If the President did not concur should not Prof Peiris have been sacked immediately?

On the other hand, if the Professor had not communicated his ‘new’ opinion and his intended course of action to the President or if the President, on being so informed by the Professor, did not concur, should not Prof Peiris have been stripped of his Cabinet Portfolio, sacked from the Party and booted out of Parliament for his irresponsible conduct?

‘Cabinet-Collective-Responsibility’ is a convention in Parliamentary democracy; members of the cabinet must publicly support all governmental decisions made in Cabinet, even if they do not privately agree with them. If a member of the Cabinet wishes to openly object to a Cabinet decision, then he is obliged to resign from his position in the Cabinet.

Prof Peiris neither resigned nor was he sacked

Prof Peiris should either have resigned or been sacked. In either instance he should not be in the Cabinet. But, in this instance, he continues to remain in the Cabinet.

What does this suggest?

Does this not strongly suggest that the President and Prof Peiris had, in cahoots, engaged in some type of political skullduggery and that you were an integral cog in that plot?

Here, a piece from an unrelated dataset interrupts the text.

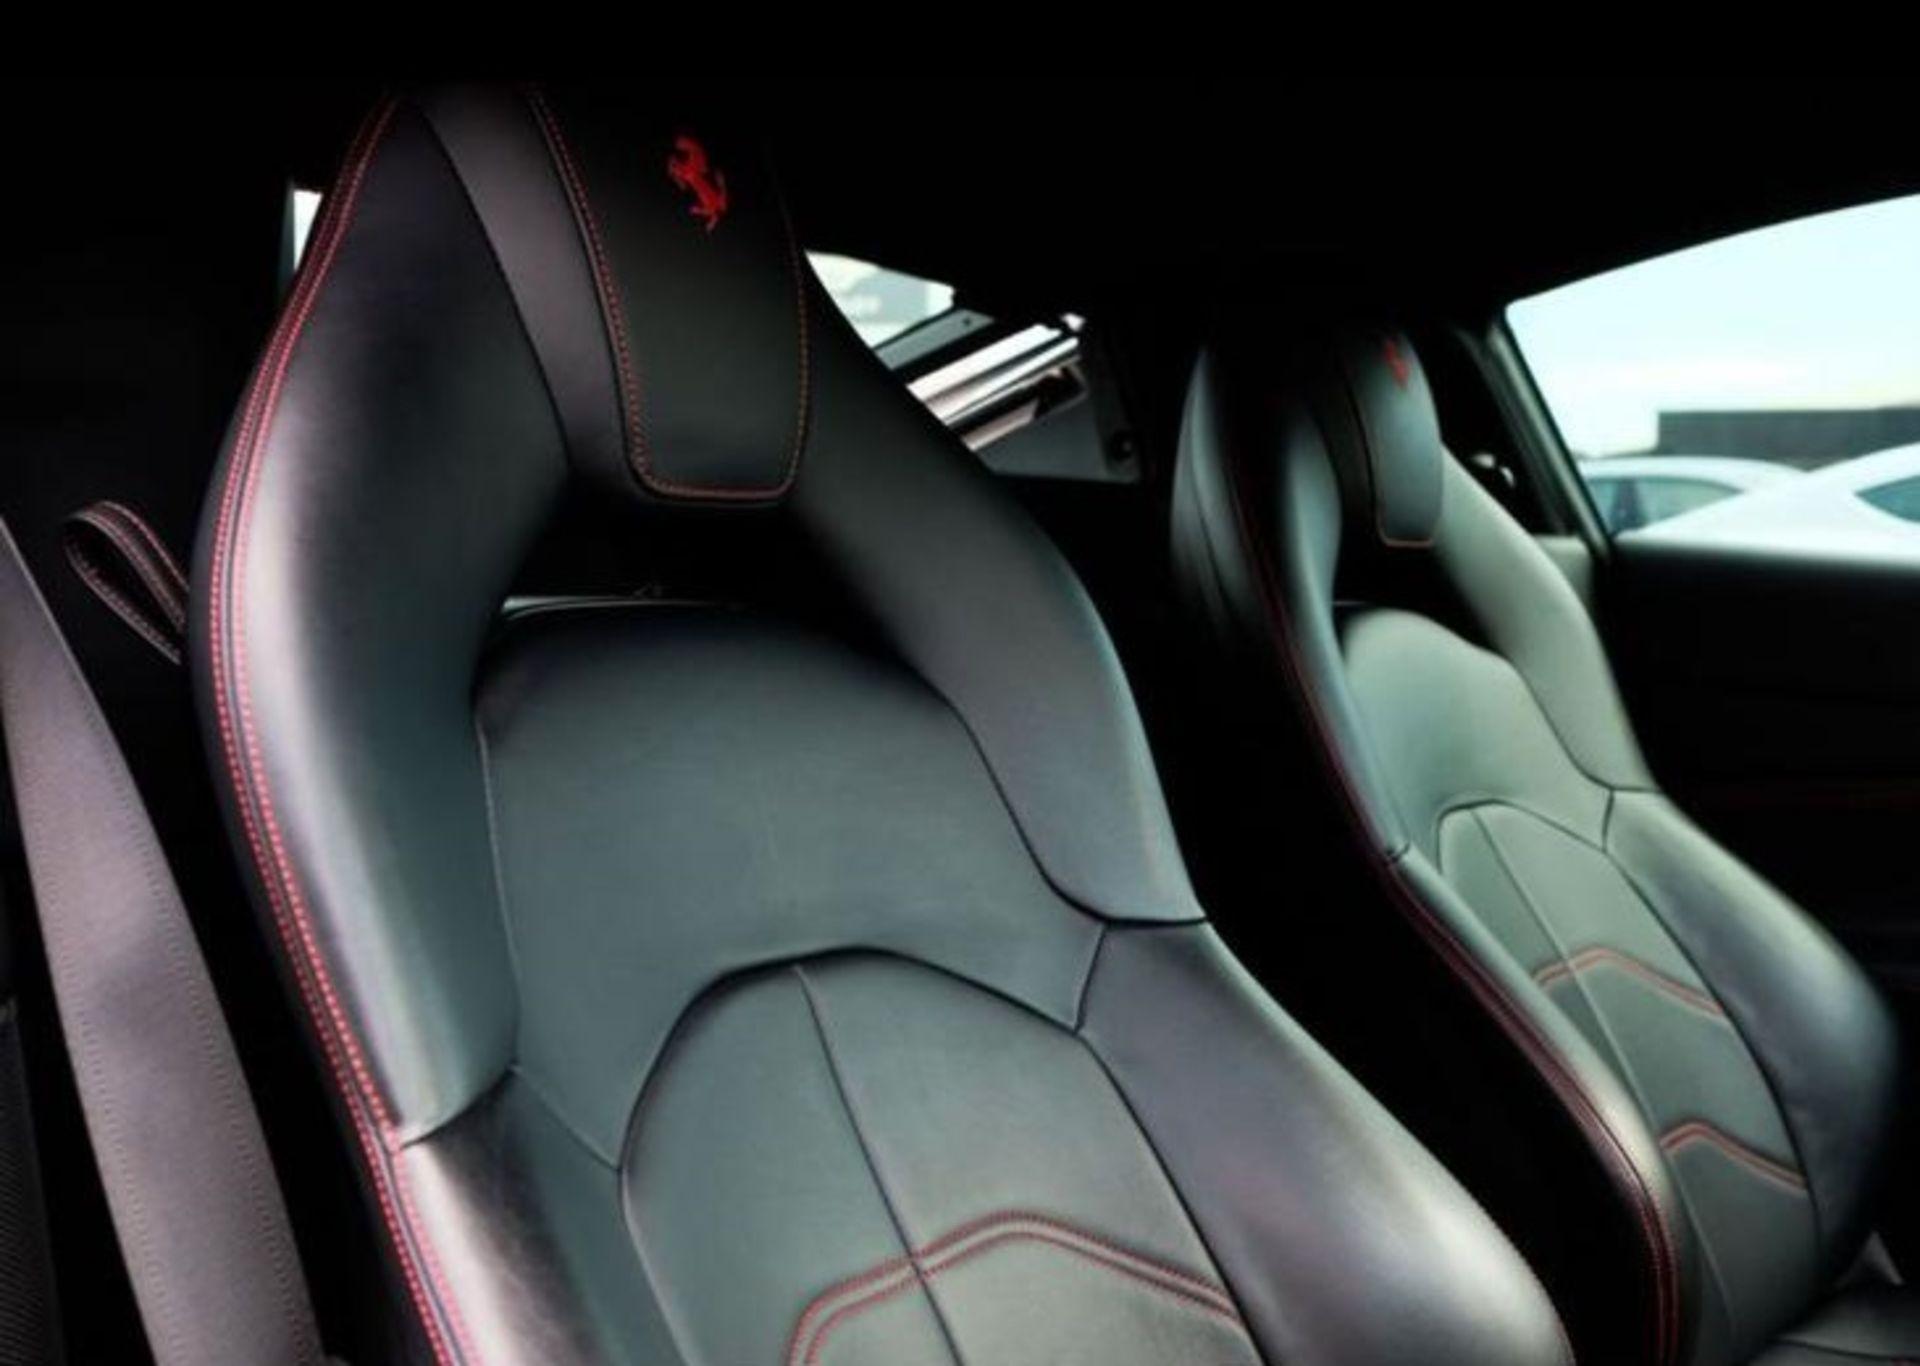 2016 FERRARI 488 GTB 2DR RED COUPE, PETROL, AUTOMATIC, 11K MILES, LEFT HAND DRIVE *NO VAT* - Image 19 of 22

Single-mindedness to surrender Sri Lanka’s Sovereignty and National Security?

When the Court determined, in no uncertain terms, that the Bill touted as Constitutional by the Government was indeed absolutely unconstitutional, when the Court determined that in eight of the twenty-five instances identified as unconstitutional, a referendum was required and when the Government used devious means to have the Bill unobtrusively passed in Parliament with all the dangerous violations to the Constitution in place, does it not suggest that the President and Prof Peiris were willing to sacrifice and imperil Sri Lanka’s Sovereignty, Security and Unity?

This construct is reinforced when on the same day, 19 Apr 21, the President’s Secretary, Mr. P B Jayasundera, also challenged the Bill in Courts, as an intervenient petitioner!

Mr. de Livera, would you admit that you are at the Centre of some duplicitous period of Sri Lanka’s history having issued a spurious opinion that the Bill was constitutional?